How to merge two dataframes using multiple columns as key?

Say I have the following dataframes:

DF1 <- data.frame("A" = rep(c("A","B"), 18),
                  "B" = rep(c("C","D","E"), 12),
                  "NUM"= rep(rnorm(36,10,1)),
                  "TEST" = rep(NA,36))

DF2 <- data.frame("A" = rep("A",6),
                  "B" = rep(c("C","D"),6),
                  "VAL" = rep(c(1,3),3))

*Note: Each unique combination of variables A and B in DF2 should have a unique VAL.

For each row, I would like to replace the NA in TEST with the corresponding value of VAL in DF1 if the values in columns A and A match and the values in columns B and B match for that row. Otherwise, I'd leave TEST as NA. How would I do this without looping through each combination using match?

Ideally, an answer would scale to two data frames with many columns to match upon.

Solution

As Akrun mentioned in comments, your lookup table (DF2) needs to be reduced to just its unique A/B combinations.
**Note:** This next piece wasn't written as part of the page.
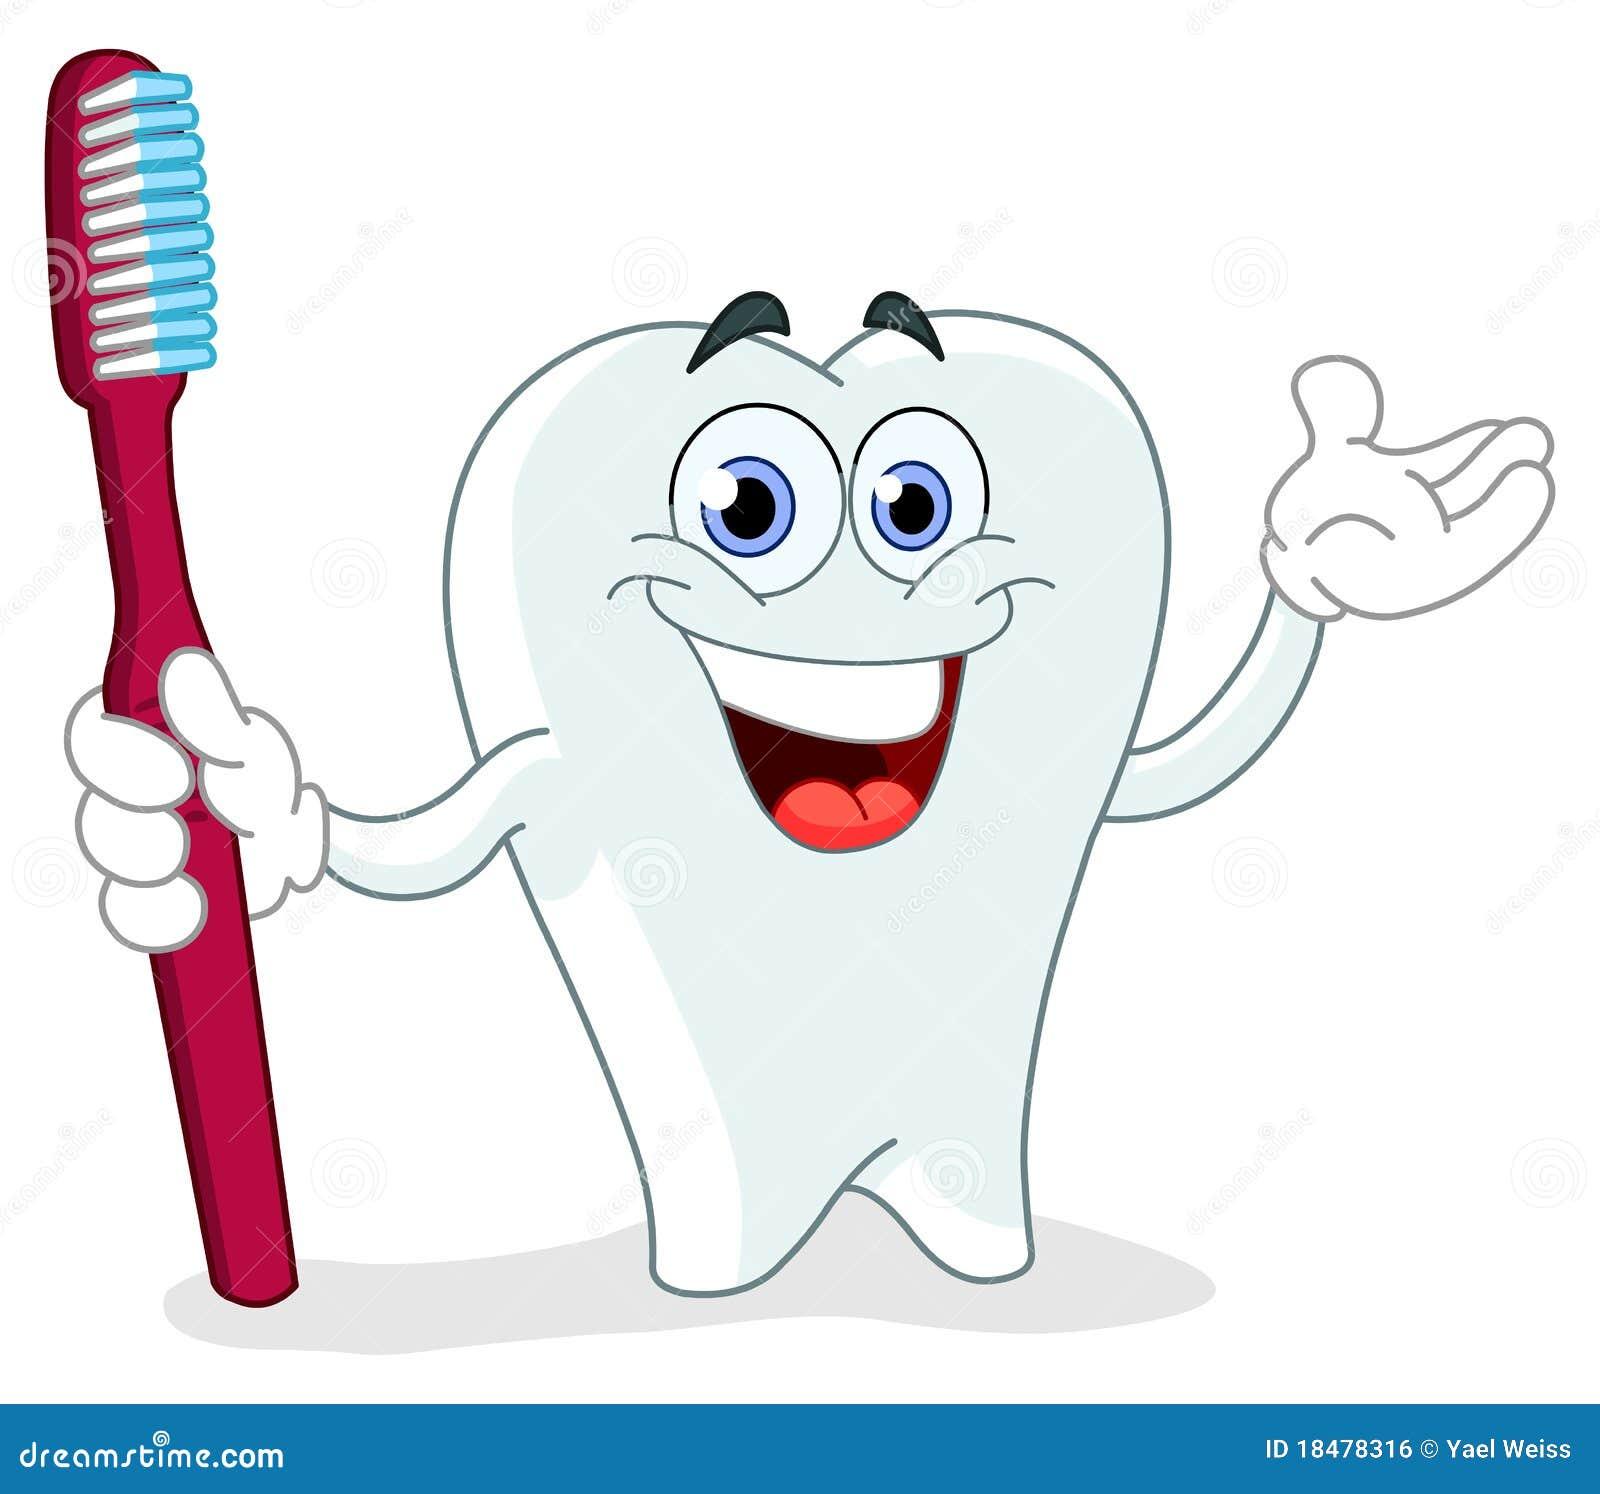 dent de dessin anim avec la brosse dents illustration de vecteur illustration du dr le. Black Bedroom Furniture Sets. Home Design Ideas

For your current dataframe, this isn't a problem, but you will need additional rules if there are multiple possible values for the same combination. From there, the solution is easy:

DF2.u <- unique(DF2)
DF3 <- merge(DF1, DF2.u, all = T)

Note that this will produce a new dataframe with an empty TEST column (all values NA), and a VAL column assigned from DF2. To do exactly what you wanted (replace TEST with VAL where possible), here is some slightly clunkier code:

DF1$TEST <- merge(DF1, DF2.u, all = T)$VAL

EDIT: in response to your question, you can boil down DF2 if necessary quite simple:

DF2$C <- c(1:12) #now unique() won't work
DF2.u <- unique(DF2[1:3])

 A B VAL
1 A C   1
2 A D   3